# Stupidest Statements



## guythegreg (Jun 15, 2012)

Now, just to be clear, I'm not talking about statements where people reveal stupid things they did, like for example throwing the wrong baby in the fire. No, I mean statements that are stupid on their face. Stupid things to say.

My favorite: Ballo in Maschera, when the fateful name is pulled from the jar and read aloud: "Renato!" Renato immediately responds: "That's my name!" lol I always get a giggle out of that. Renato knows his name.

And now we have Rigoletto - an opera I have come to enjoy, thanks to sospiro's dedicated recommendations - but really, after Rigoletto's big scene with Gilda in Act II, after all the addios and his departure, he comes suddenly back, and immediately exclaims: "I'm back! But why?" Ah, brilliant, just brilliant. Stage writing at its finest.

Any suggestions?


----------



## Mahlerian (Nov 27, 2012)

Siegfried takes off Brunhilde's armor.

"That's no man!"

To be fair: yes, I understand that he's supposedly never seen a woman before in his life.


----------



## SiegendesLicht (Mar 4, 2012)

Mahlerian said:


> Siegfried takes off Brunhilde's armor.
> 
> "That's no man!"
> 
> To be fair: yes, I understand that he's supposedly never seen a woman before in his life.


Besides, not very many women ever wear armor.


----------



## elgar's ghost (Aug 8, 2010)

One I notice that crops up quite often is "he/she is dead!" - perhaps not stupid as such but those three words are often uttered or exclaimed even when it's obvious that the unlucky one couldn't be anything but.


----------



## mamascarlatti (Sep 23, 2009)

elgars ghost said:


> One I notice that crops up quite often is "he/she is dead!" - perhaps not stupid as such but those three words are often uttered or exclaimed even when it's obvious that the unlucky one couldn't be anything but.

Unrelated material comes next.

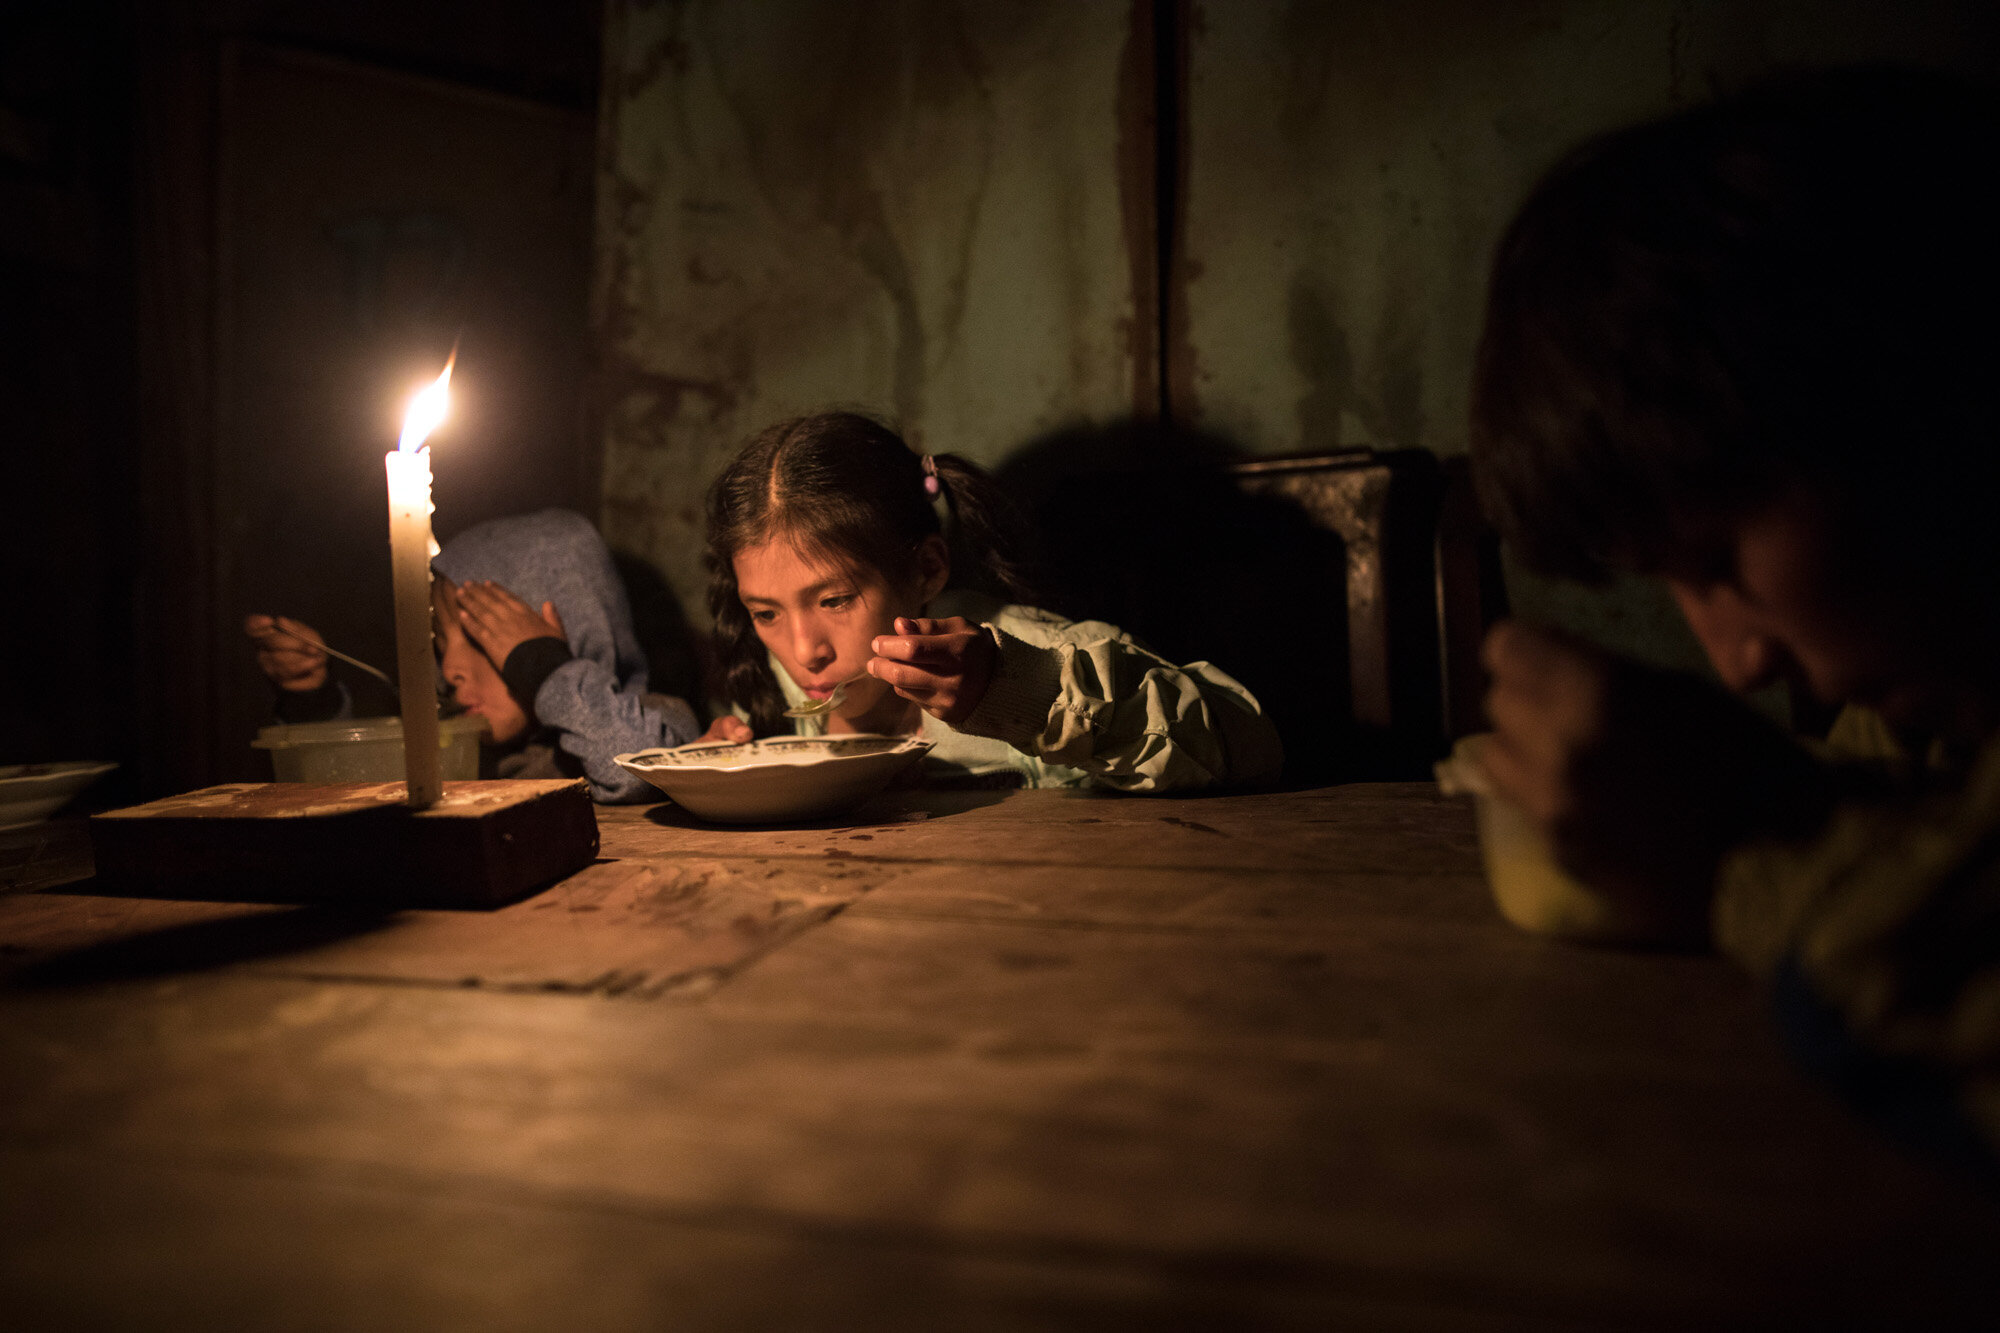  Siblings, from left, Estiben, Estefany and Javier Aquino eat dinner illuminated by a candle in their home in the Nueva Esperanza neighborhood, which has no access to electricity, in Lima, Peru, on June 8, 2020. (AP Photo/Rodrigo Abd)

It's just to reassure the audience that he/she is not going to pop up YET AGAIN and sing for another 10 minutes.


----------



## Cavaradossi (Aug 2, 2012)

Speaking of Rigoletto: the part where fifty men are creeping down the streets of Mantua singing a jaunty chorus of "zitti zitti". I think that happens in Ernani and a few others too.


----------



## deggial (Jan 20, 2013)

^ I honestly think that when in doubt about how to go on, Verdi would just whip out a chorus


----------



## Barelytenor (Nov 19, 2011)

Mahlerian said:


> Siegfried takes off Brunhilde's armor.
> 
> "That's no man!"
> 
> To be fair: yes, I understand that he's supposedly never seen a woman before in his life.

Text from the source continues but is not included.